Repeat everything in the data exactly except images.

> **Material provided**
*** Block opens ***

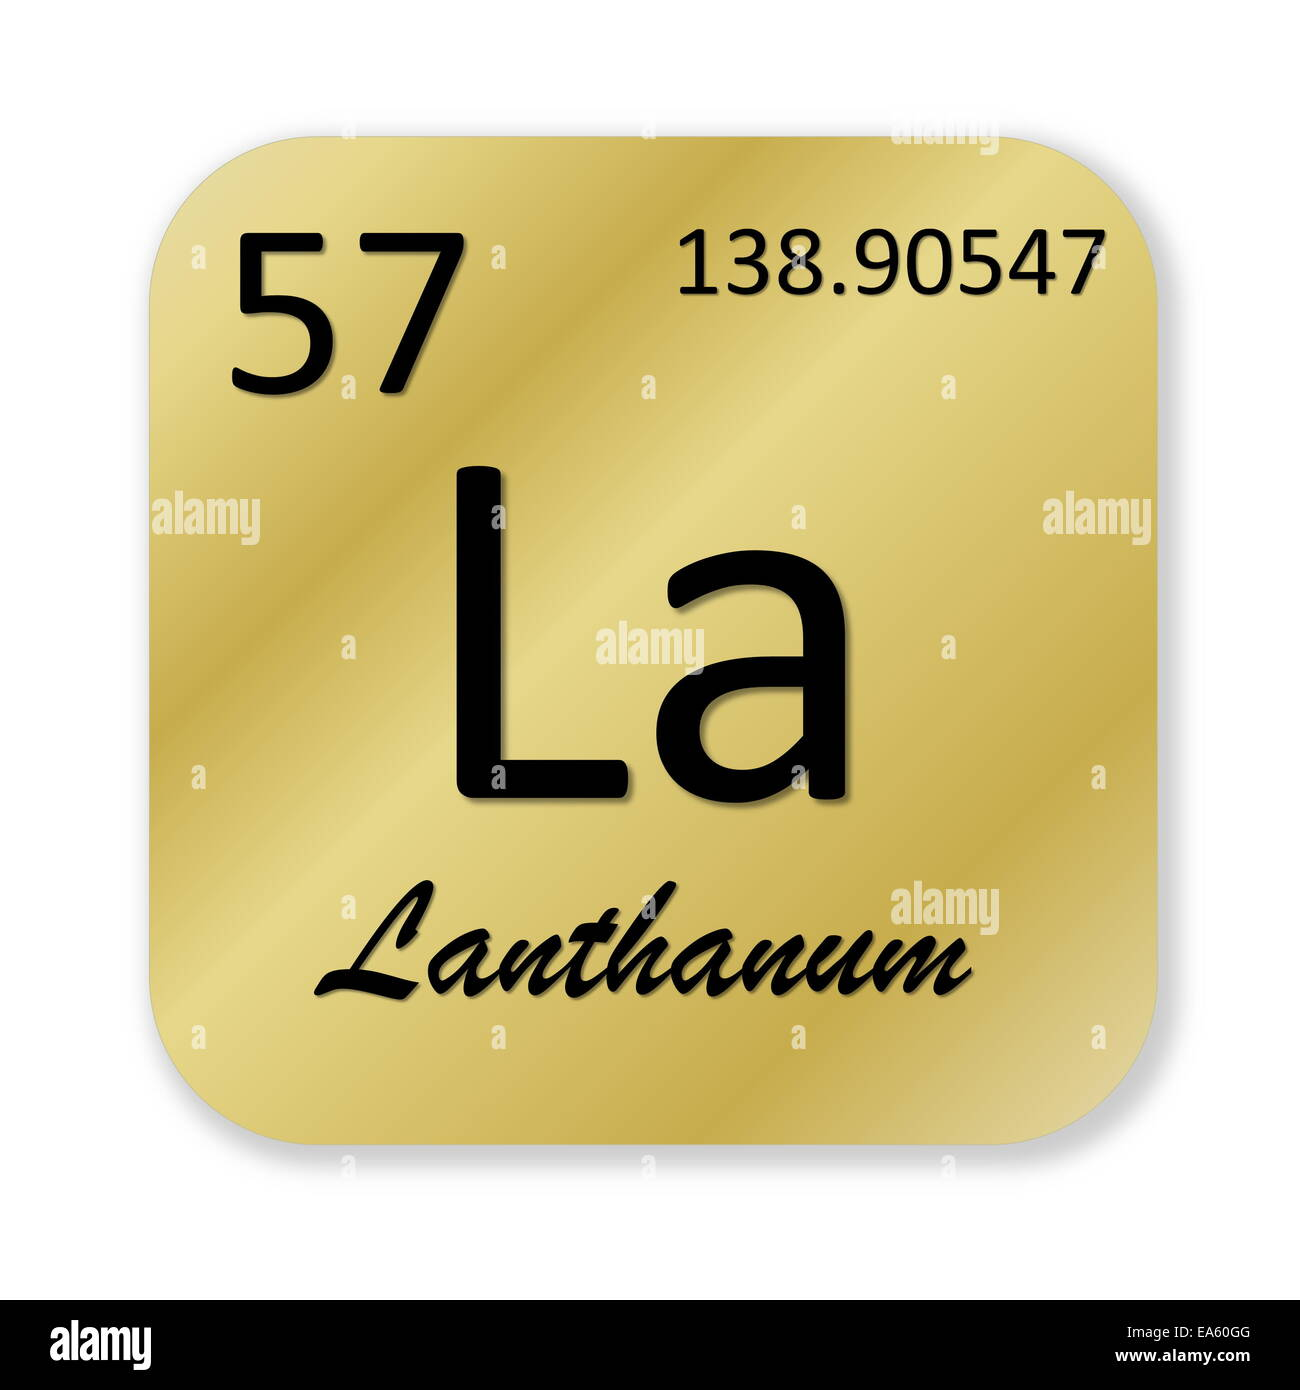 Lanthanum element stock photo royalty free image 75120208 alamy lanthanum element gamestrikefo Gallery
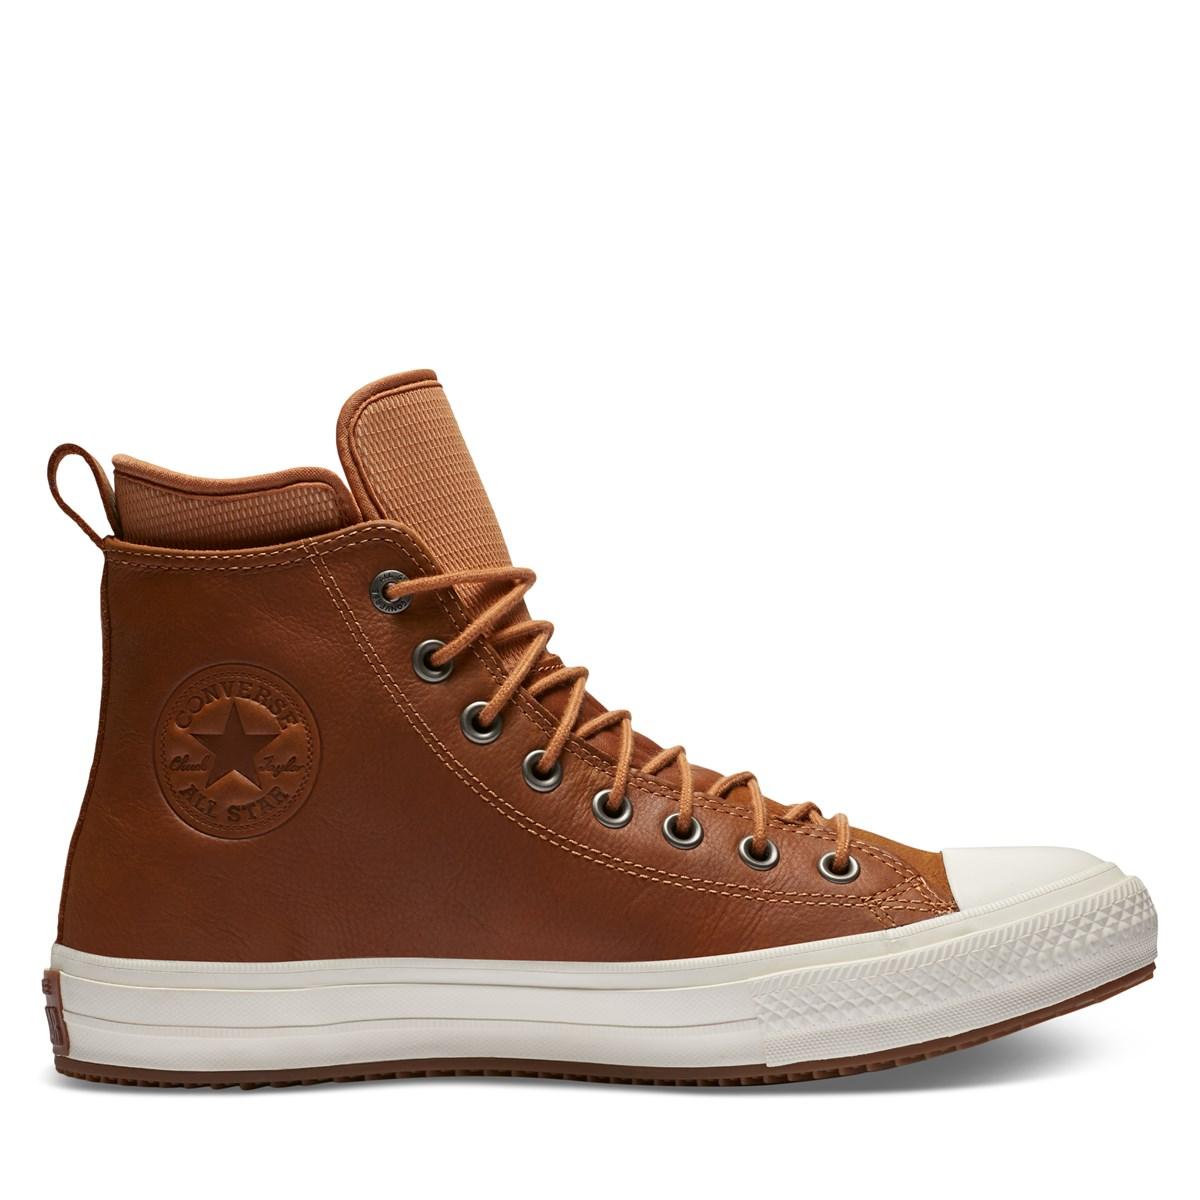 Reebok Women Shoes Camel
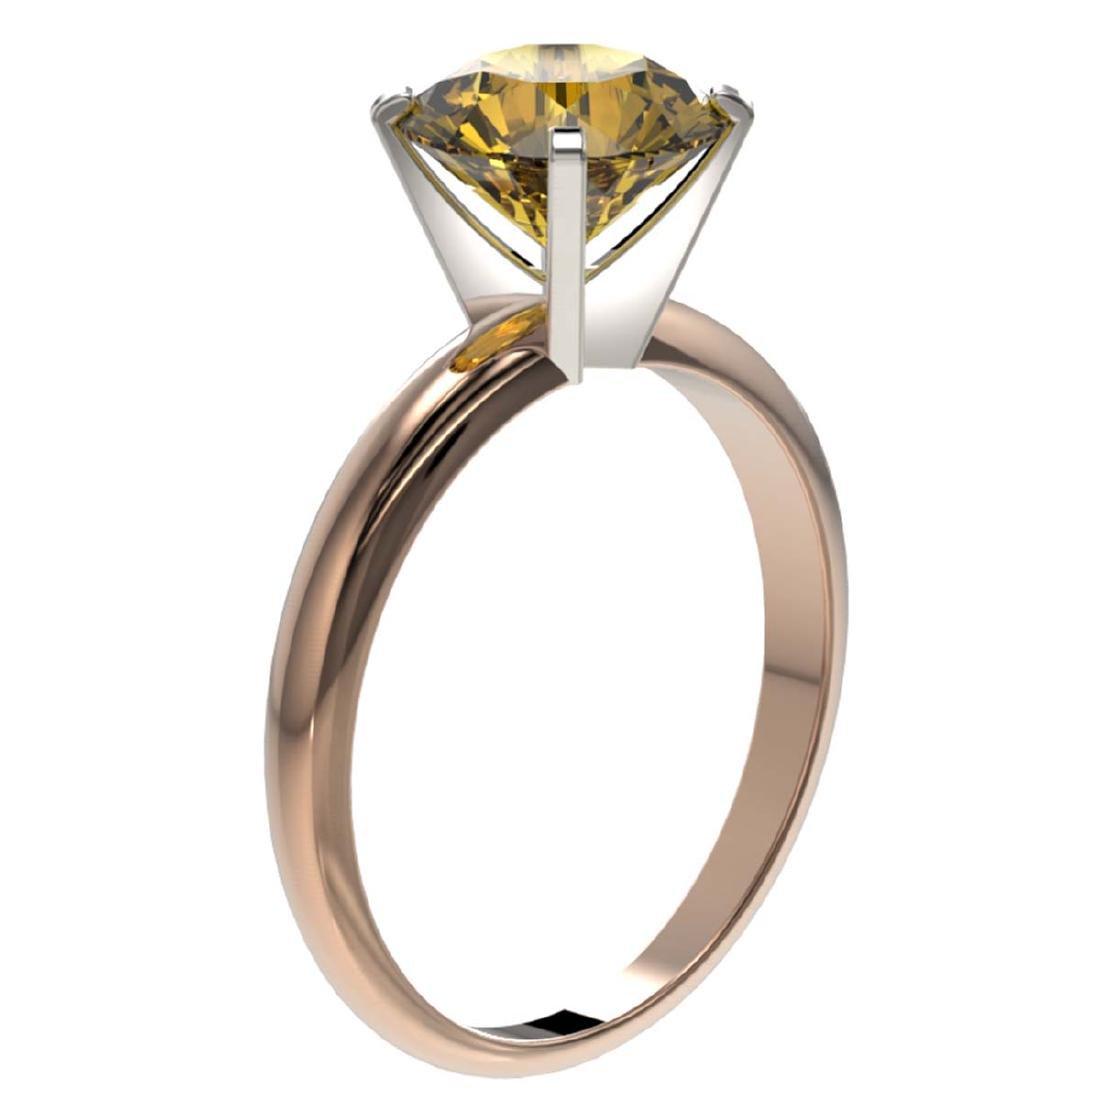 2.50 ctw Intense Yellow SI Diamond Solitaire Ring 10K - 3

*** Block closes ***

> **Task output**
 Lanthanum element stock photo royalty free image 75120208 alamy lanthanum element gamestrikefo Gallery
 Reebok Women Shoes Camel
 2.50 ctw Intense Yellow SI Diamond Solitaire Ring 10K - 3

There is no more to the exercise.